These are the key concepts you need to understand to accurately answer the question.

Direct Substitution
The direct substitution method is a straightforward way to determine the constants in partial fraction decomposition by picking specific values for the variable. Usually, we select values that cancel out parts of the equation. Let's walk through the process:
  • Identify Roots: Start by solving the denominator of your original algebraic fraction to find its roots. These values are essential, as they will be used for substitution.
  • Substitute Roots: Insert these root values back into the equation. By doing so, you will "cancel" parts of the fraction and isolate some constants.
  • Solve for Constants: With parts of the equation simplified, you can easily solve for one or more constants.
This method is often praised for its simplicity and effectiveness, particularly when the roots lead directly to zeroing out some terms.
Equating Coefficients
Equating coefficients is a method where you force two expressions to match by ensuring each coefficient on both sides aligns perfectly. To use this method efficiently:
  • Start with Decomposition: Decompose the original fraction into a sum of partial fractions.
  • Expand the Equation: Expand the right side, where your partial fractions are, to align with the structure of the left side.
  • Align Degrees: Make sure that terms of the same degree appear on both sides of the equation. This requires focusing on powers of the variable.
  • Form Equations: Each unique degree of the variable yields an equation when their coefficients are equated. This creates a system of equations to solve for the constants.
Equating coefficients can handle more complex problems, especially when direct substitution doesn't easily simplify the fractions involved.
Algebraic Fractions
An algebraic fraction is simply a fraction containing variables in its numerator, denominator, or both.

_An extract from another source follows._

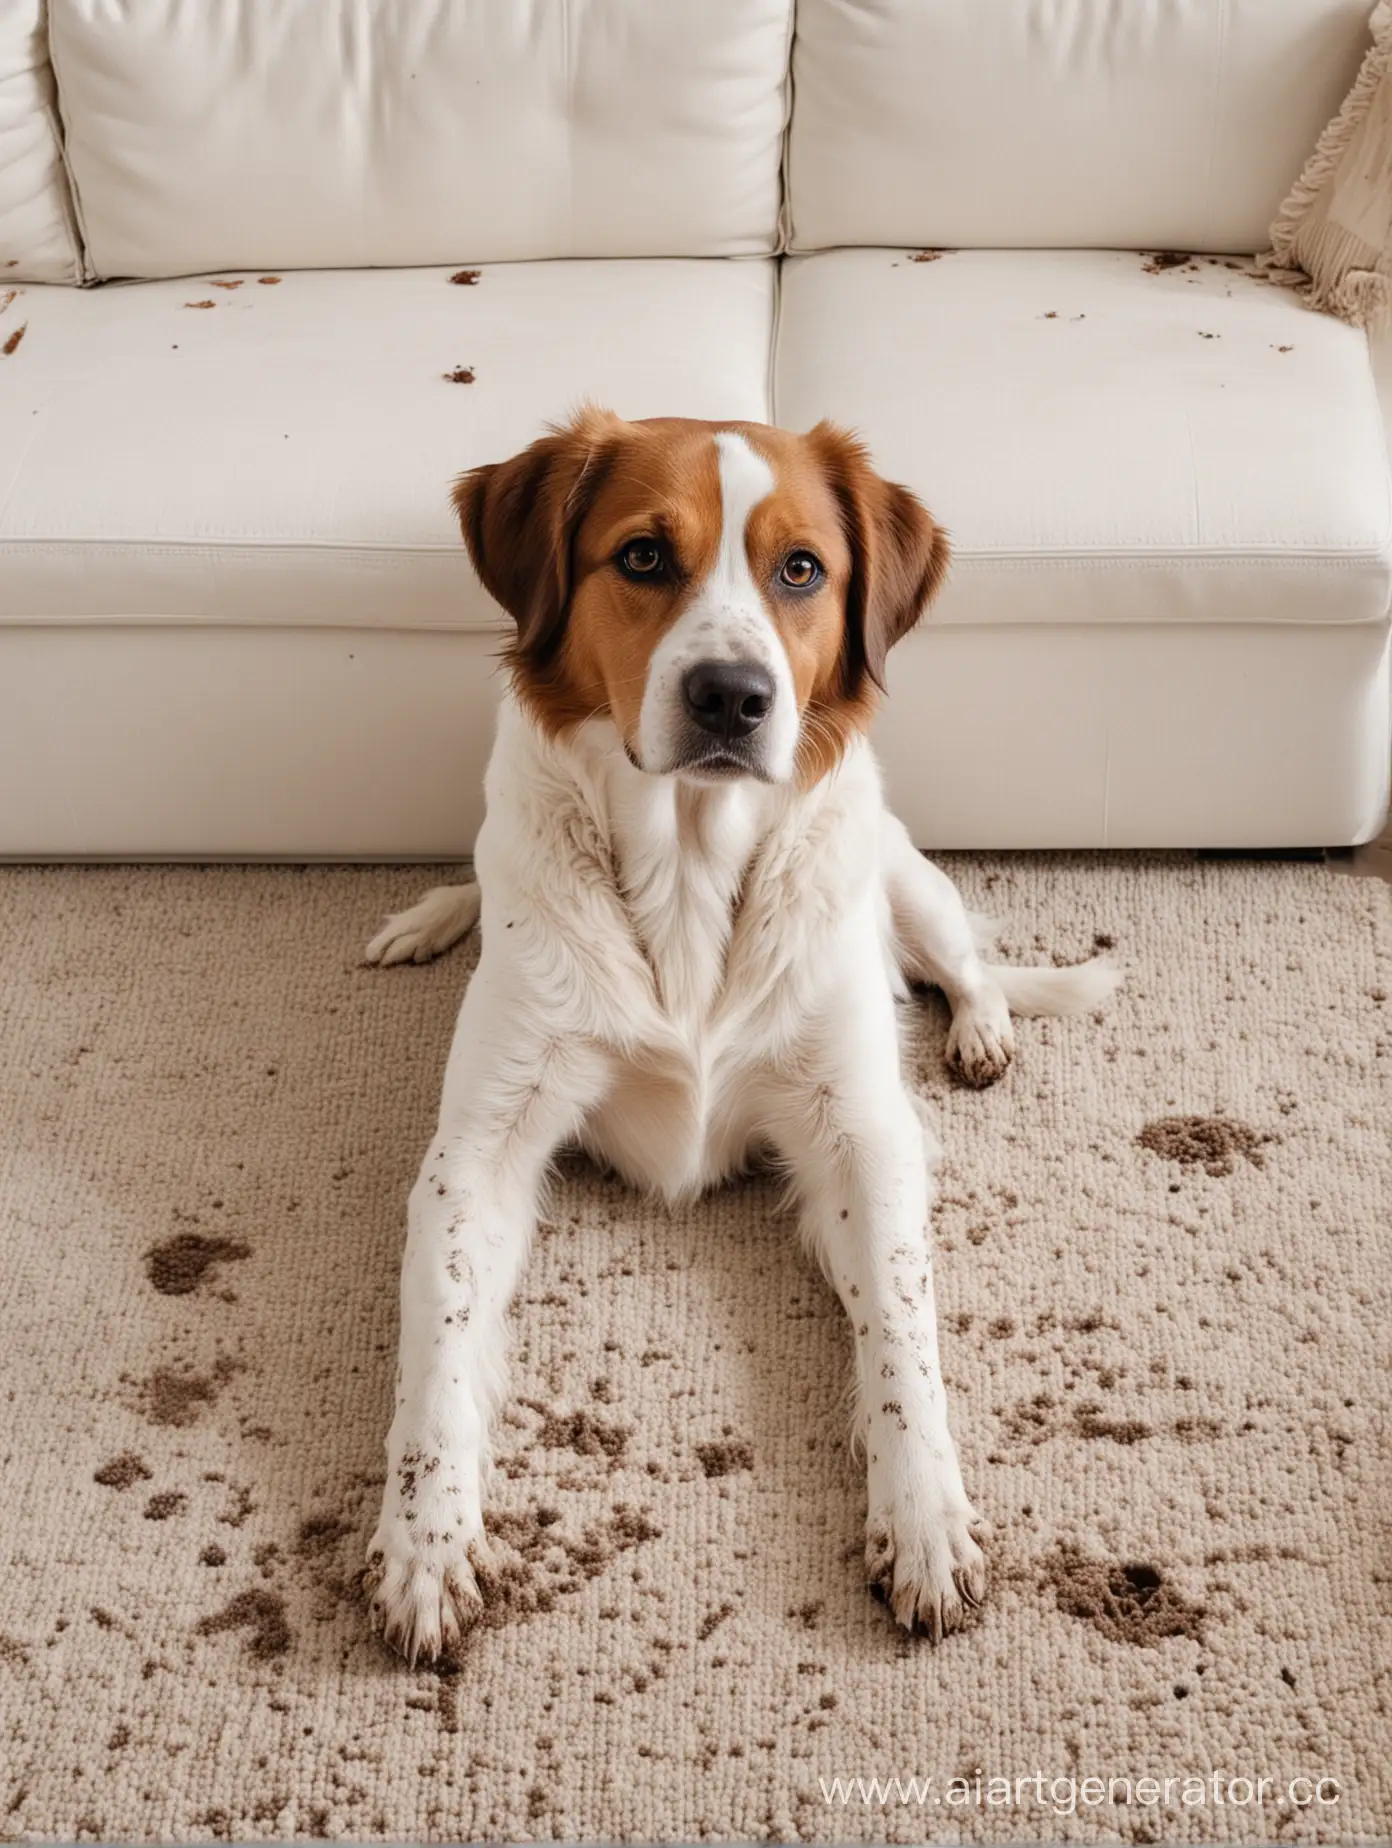 Собака с грязными лапами и виноватом видом улеглась на белый диван и испачкала его своими лапами. Видны следы грязи и следов на коврике перед диваном.

Let's explore their utility and characteristics:
  • What They Are: These fractions involve expressions containing variables and can represent complex relationships or equations.
  • Breakdown: Algebraic fractions may seem daunting, but they can usually be decomposed into simpler parts, known as partial fractions.
  • Role in Decomposition: In partial fraction decomposition, we express a given algebraic fraction as a sum of simpler fractions, which makes integration and other operations more manageable.
  • Rationality: While working with these, it's crucial to ensure the fractions remain rational, meaning the degree of the polynomial in the numerator is less than that in the denominator.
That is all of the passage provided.